**Exercise data**
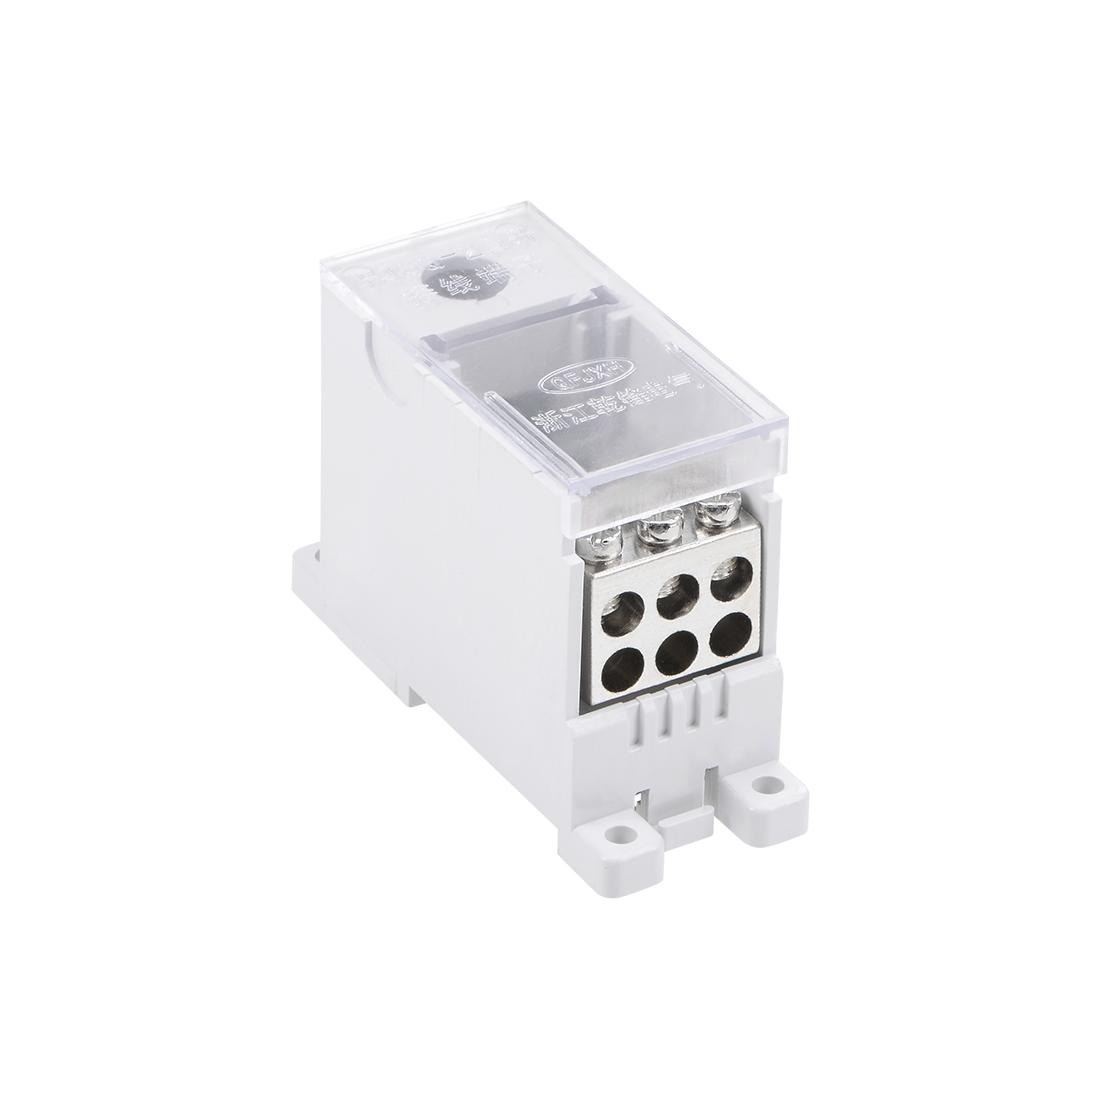 1 Input 6 Output DIN Rail Terminal Blocks Connectors Distribution Block
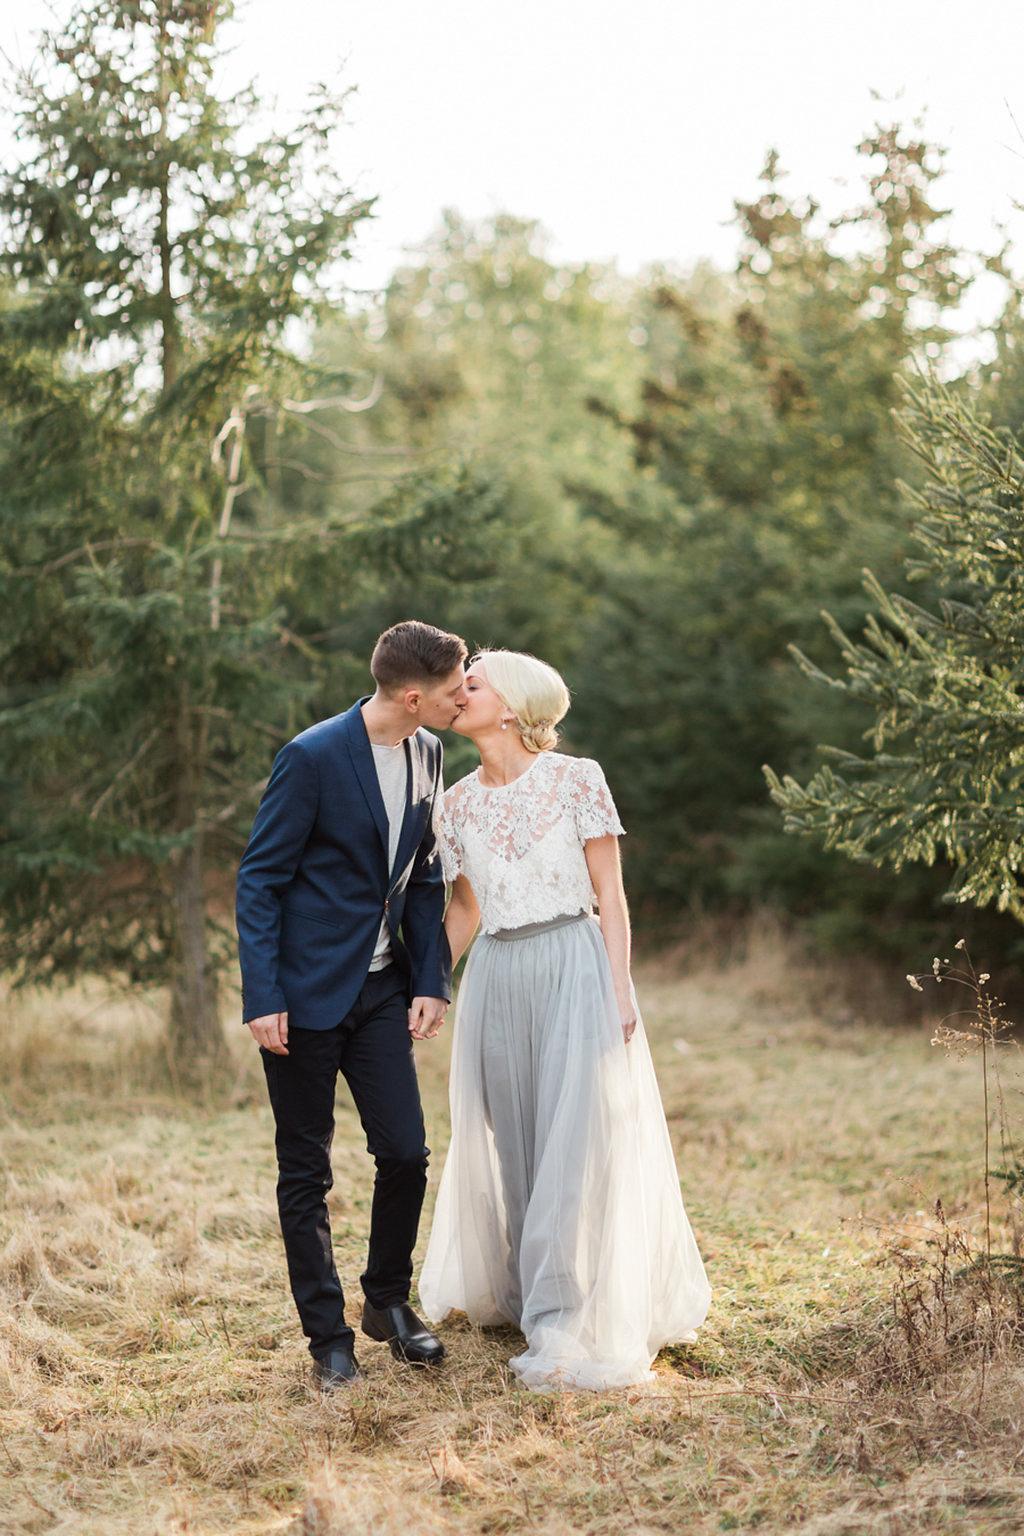 kayla-yestal-photography-vineyard-bride-swish-list-beamer-falls-manor-grimsby-engagement-1.jpg
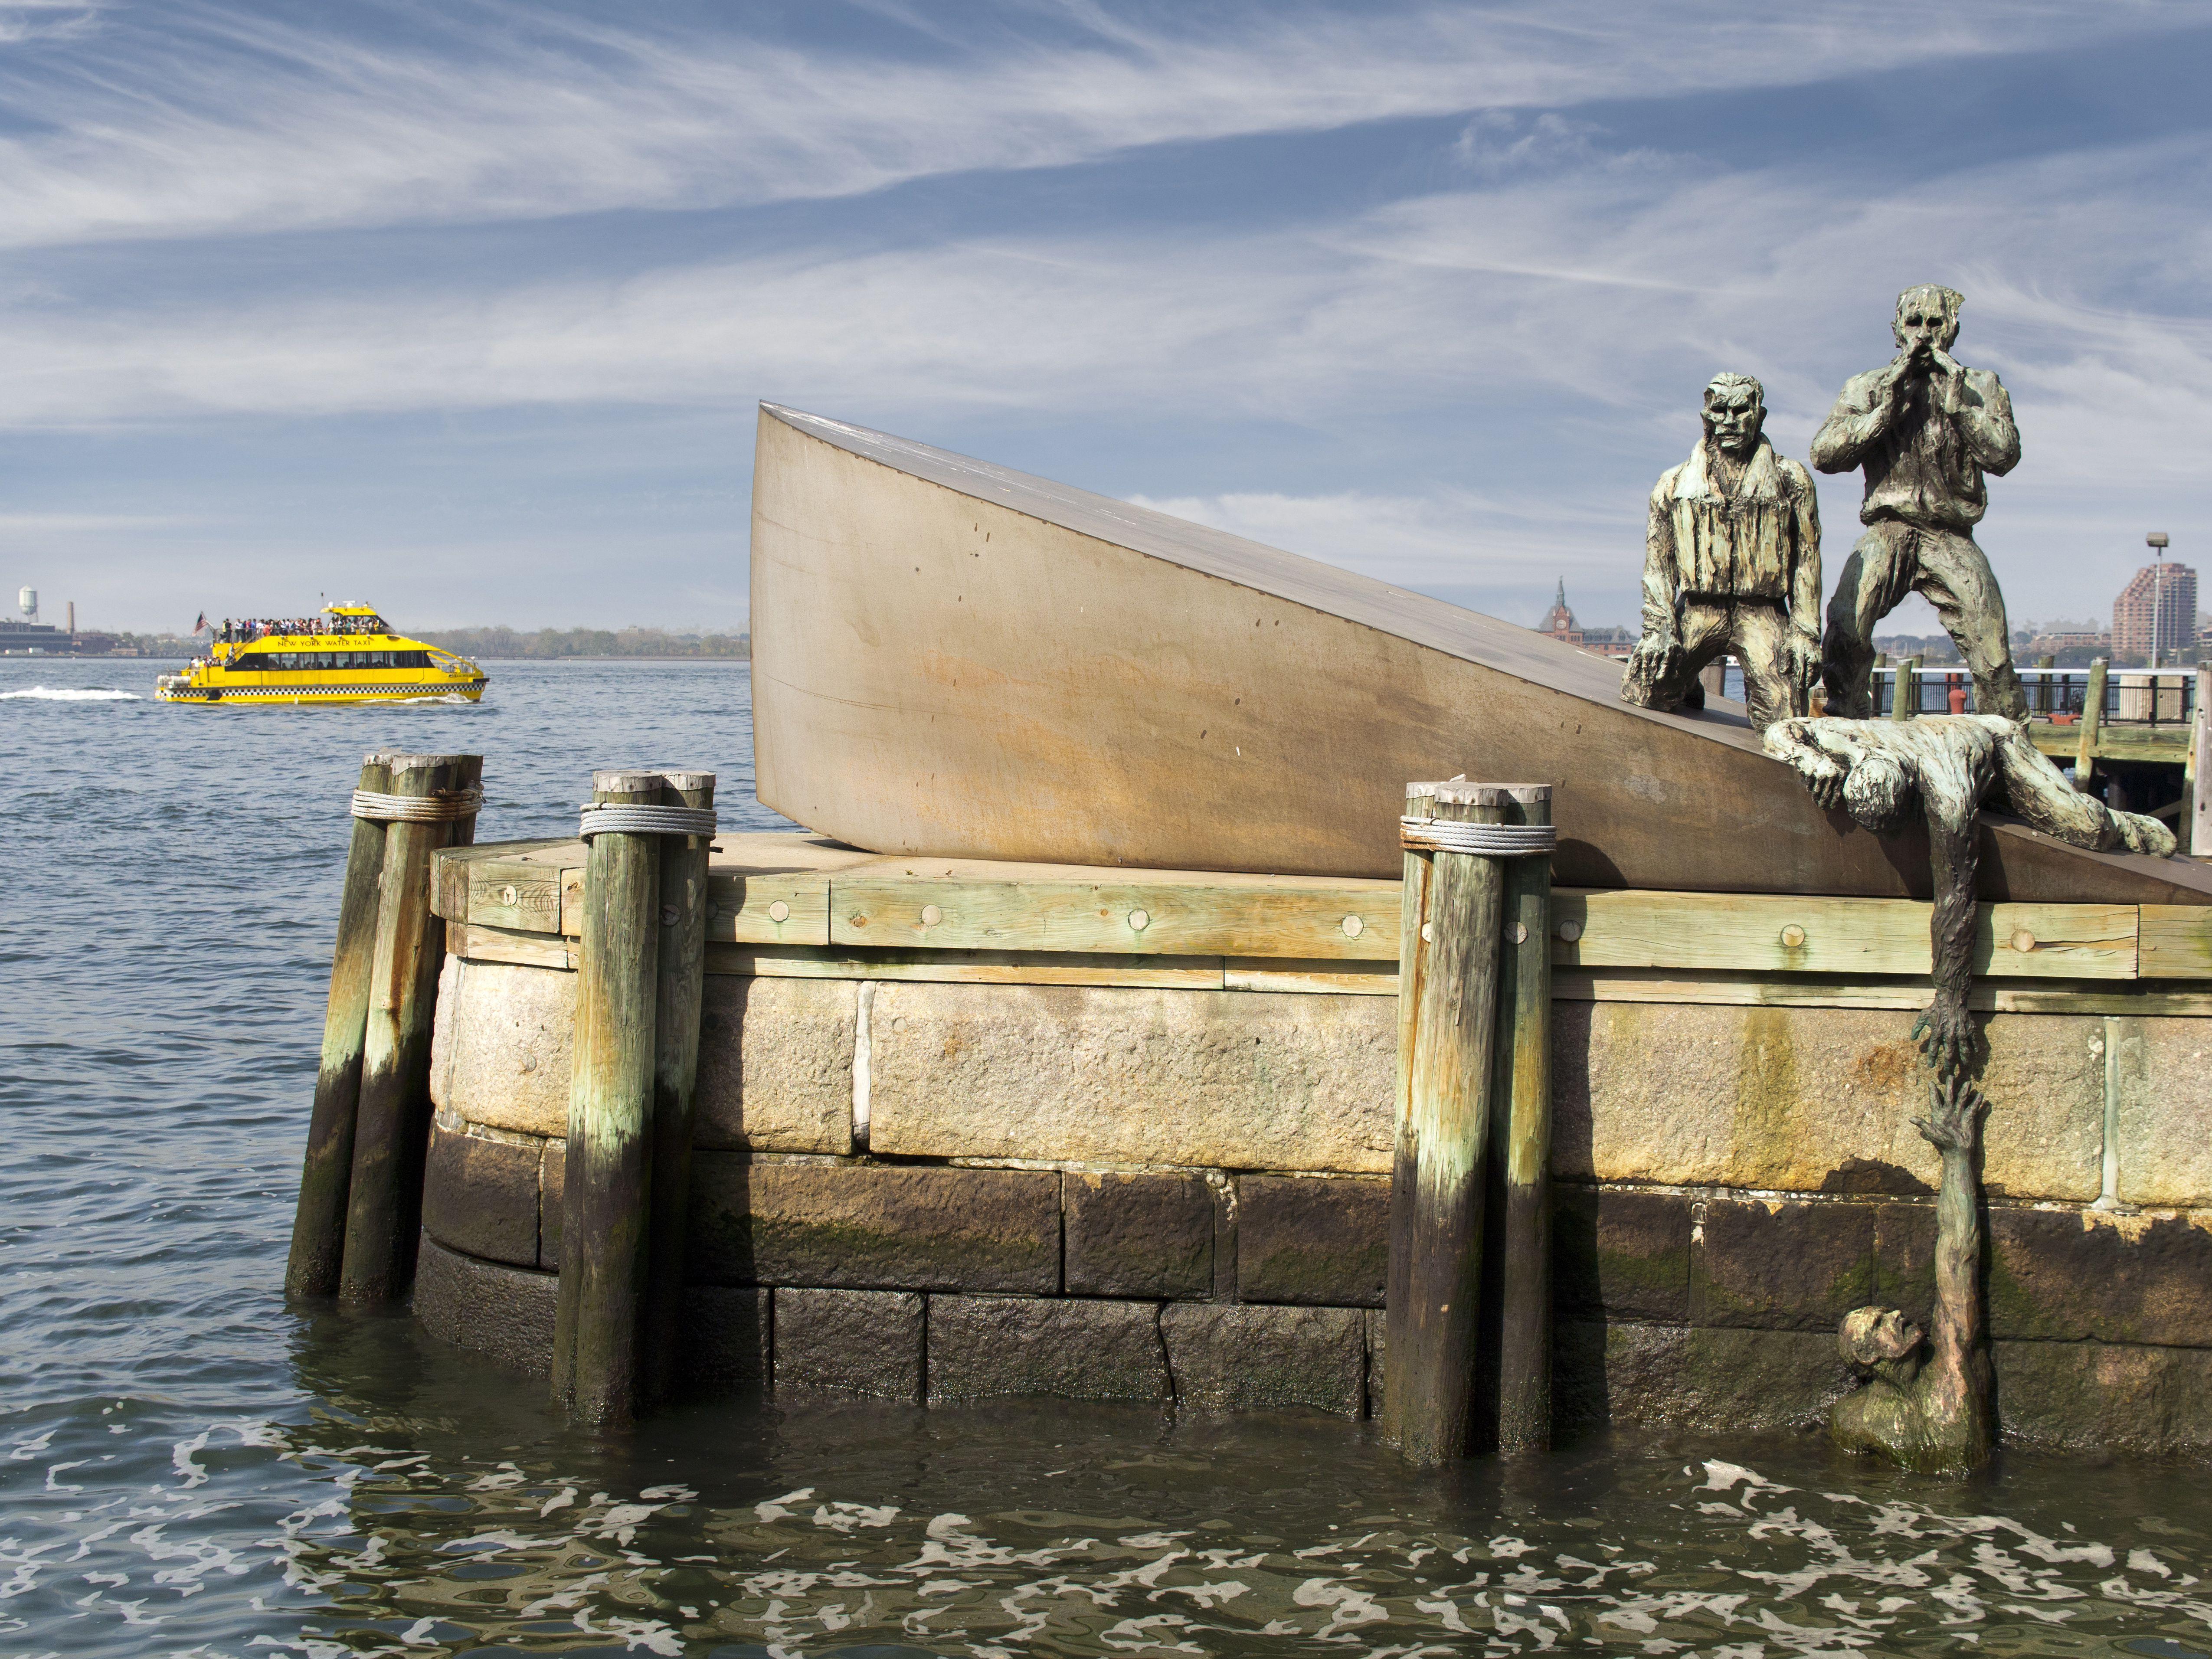 american merchant mariner's memorial

**Prompt**
Except for the pictures, print the data above exactly.

**Response to this exercise**
 1 Input 6 Output DIN Rail Terminal Blocks Connectors Distribution Block
 kayla-yestal-photography-vineyard-bride-swish-list-beamer-falls-manor-grimsby-engagement-1.jpg
 american merchant mariner's memorial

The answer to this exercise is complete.